Simplify 3/( square root of x+ square root of 5)
The question is asking for the simplification of the mathematical expression 3 divided by the sum of the square root of 'x' and the square root of 5. This involves algebraic manipulation to eliminate the square root from the denominator of the fraction, typically through a process called "rationalizing the denominator," where both the numerator and denominator of the fraction are multiplied by a conjugate of the denominator to create a rational number in the denominator.
$\frac{3}{\sqrt{x} + \sqrt{5}}$
Rationalize the denominator by multiplying the fraction $\frac{3}{\sqrt{x} + \sqrt{5}}$ by the conjugate $\frac{\sqrt{x} - \sqrt{5}}{\sqrt{x} - \sqrt{5}}$ to get $\frac{3}{\sqrt{x} + \sqrt{5}} \cdot \frac{\sqrt{x} - \sqrt{5}}{\sqrt{x} - \sqrt{5}}$.
Combine the numerator terms by distributing the 3 across $\sqrt{x} - \sqrt{5}$, resulting in $\frac{3(\sqrt{x} - \sqrt{5})}{(\sqrt{x} + \sqrt{5})(\sqrt{x} - \sqrt{5})}$.
Apply the difference of squares to the denominator, which simplifies to $\sqrt{x}^2 - (\sqrt{5})^2$.
Complete the simplification to obtain $\frac{3(\sqrt{x} - \sqrt{5})}{x - 5}$.
To simplify a fraction where the denominator contains a radical, we often multiply the fraction by a form of 1 that will eliminate the radical in the denominator.

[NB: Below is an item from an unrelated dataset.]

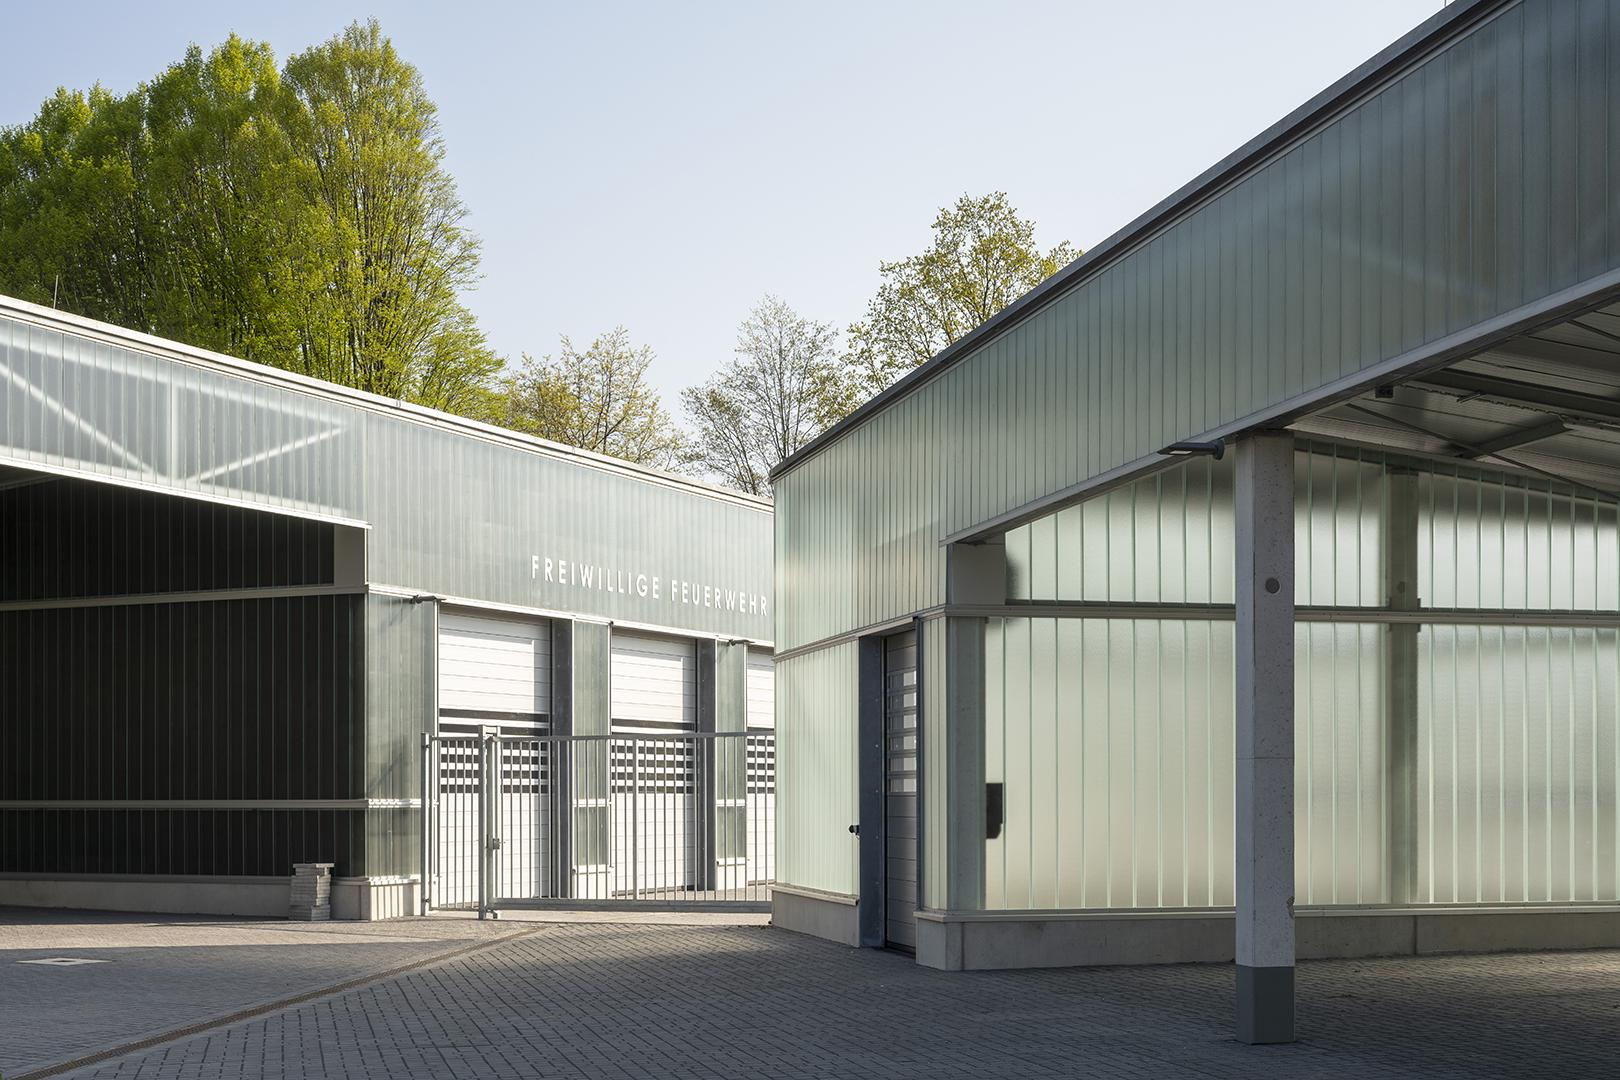 Banner Betriebshof und freiwillige Feuerwehr der Stadt Bochum

This process is known as rationalizing the denominator.
The conjugate of a binomial expression $\sqrt{a} + \sqrt{b}$ is $\sqrt{a} - \sqrt{b}$. When we multiply a binomial by its conjugate, the result is the difference of squares, which is a special product that eliminates the radical: $(\sqrt{a} + \sqrt{b})(\sqrt{a} - \sqrt{b}) = a - b$.
The FOIL method stands for First, Outer, Inner, Last, referring to the order in which we multiply terms when expanding the product of two binomials. However, when multiplying conjugates, the middle terms cancel out, leaving only the first and last terms.
In the given problem, after rationalizing the denominator and applying the difference of squares, we get a simplified expression where the radicals are eliminated from the denominator, making it easier to handle and understand.